这股力量,无法形容其性质。非云非风,非正非邪,它只是“存在”,是“力量”本身!是创造,亦是终结!
力场过处,空间仿佛都扭曲了!
那原本坚不可摧、如同实质的十气归元阵力场,在这股混沌巨力面前,如同阳光下的冰雪,发出不堪重负的“咔嚓”声,寸寸碎裂!瓦解!
“噗——!”
首当其冲的天御斋门,如遭重击,身体剧烈一震,仰天喷出一大口鲜血,眼中充满了难以置信的惊骇!他结印的双手猛地炸开,冥气领域瞬间溃散!整个人如同断线风筝般倒飞出去,重重砸在岩壁上,昏死过去!
靠得最近的赤魇和冰狱,连惨叫都来不及发出,护体气劲如同纸糊般被撕裂,身体被那股无形的巨力狠狠撕扯,筋骨断裂声清晰可闻,如同破麻袋般摔在地上,鲜血瞬间染红地面,生死不知!
血陀罗狂吼着挥拳硬抗,拳劲如同泥牛入海,整个人被震得踉跄倒退,每一步都在地上留下深坑,七窍中都渗出血丝!
铁铠那号称绝对防御的钢气锻体功,在这混沌力量面前也剧烈波动,他闷哼一声,被震得单膝跪地,地面龟裂!
魅影、妖蛛、鬼罗刹、尸幻、雷音,无不脸色剧变,或口喷鲜血,或身形踉跄,或幻术反噬,阵型瞬间大乱!人人带伤!
困龙之局,竟被这突如其来、无法理解的合击之力,以最野蛮、最直接的方式,强行破开!
轰!
摩诃无量的余波散去。
山谷中一片死寂。
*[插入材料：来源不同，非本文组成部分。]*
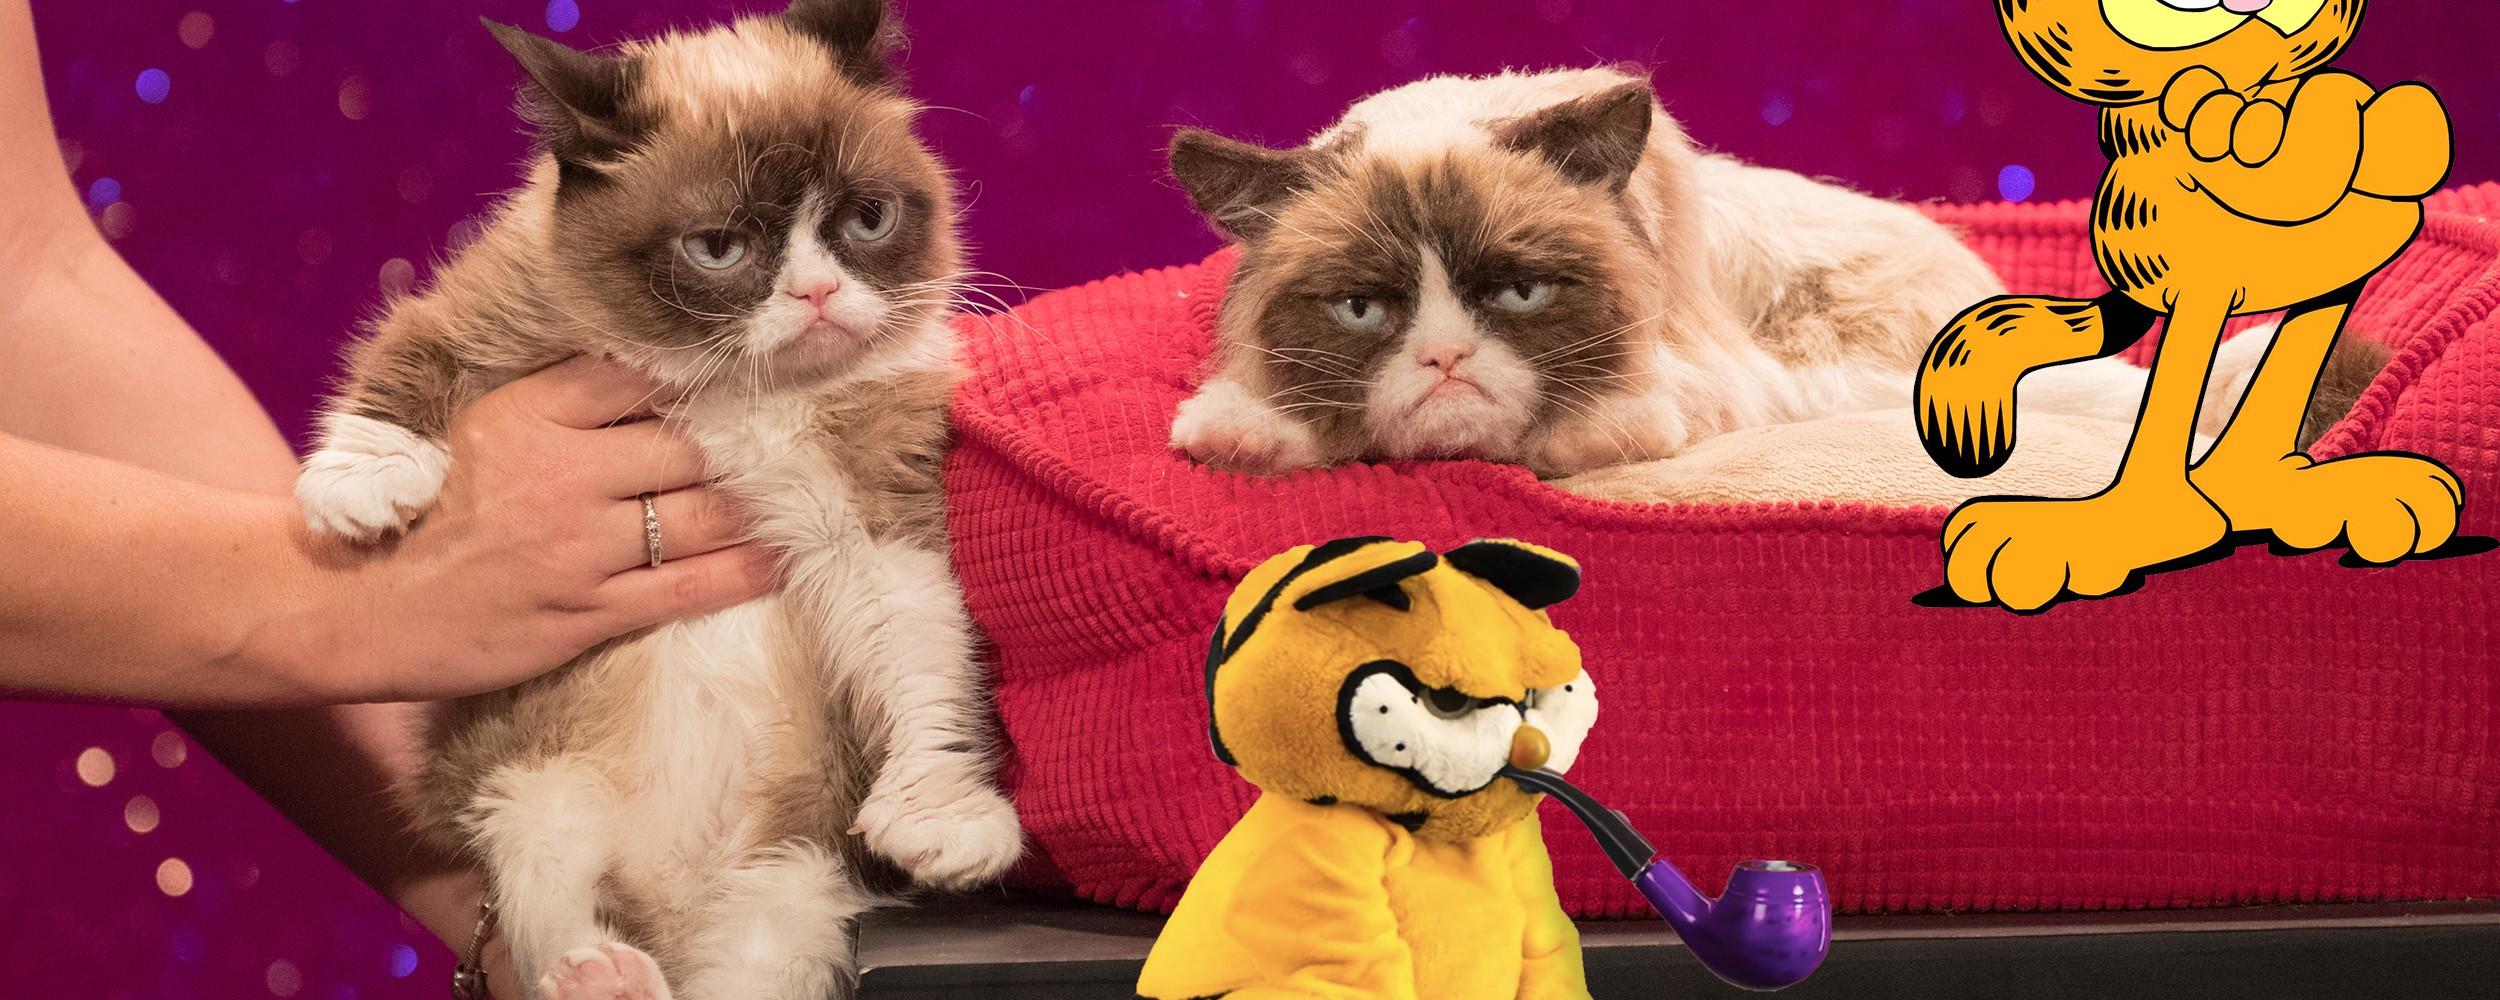 Garfield S Lament Grumpy Cat Was A Meme Born Dead

惨绿的火把熄灭了大半,只剩下零星几点火光摇曳,映照着一地狼藉和横七竖八的气忍。
步惊云和聂风同时喷出一口鲜血,半跪于地,脸色煞白如金纸,气息萎靡到了极点。强行引导、爆发这远超他们掌控的力量,反噬极其严重,经脉如同火烧刀绞,丹田空空如也。绝世好剑和雪饮狂刀上的光芒也黯淡下去。
但两人的眼睛,却亮得骇人!
步惊云灰白的瞳孔中,那万载寒冰仿佛融化了一丝,流露出一种震撼与明悟。原来……风云合璧,力量竟可达到如此境界!这摩诃无量,并非简单的功力叠加,而是一种质的蜕变!是意志与力量在极致共鸣下的终极爆发!
聂风赤红的眼中,疯狂稍褪,取而代之的是一种前所未有的清明与……后怕。刚才那一刻,他仿佛触摸到了毁灭的本源,也险些被其吞噬。冰心与魔意那危险的平衡,竟能催生出如此恐怖的力量?若能掌控……
两人对视一眼,都从对方眼中看到了劫后余生的悸动,以及一丝……对未来的野望。
必须尽快掌握这股力量!完全地掌握!
唯有如此,才能对抗绝无神那深不可测的不灭金身!
残存的气忍挣扎着爬起,看着中心那两个摇摇欲坠、却散发着令人心悸气息的身影,眼中充满了恐惧与难以置信。阵法已破,首领重伤,他们已无再战之心。
步惊云强提一口真气,缓缓站起,绝世好剑指向众人,声音沙哑却带着不容置疑的杀意:“滚。”
一个字,冰冷刺骨。
气忍们互望一眼,抬起昏迷的天御斋门、赤魇和冰狱,如同丧家之犬,狼狈不堪地退入黑暗之中,消失在峡谷深处。
断魂谷,重归死寂。
只剩下风云二人,相互搀扶着,站在满地狼藉中,喘息着,感受着体内空荡荡的虚弱和那全新力量带来的震撼。
摩诃无量。
这偶然再现的奇迹,为他们打开了一扇通往更高境界的大门。
但门后的路,是通往无敌的巅峰,还是……自我毁灭的深渊?
无人知晓。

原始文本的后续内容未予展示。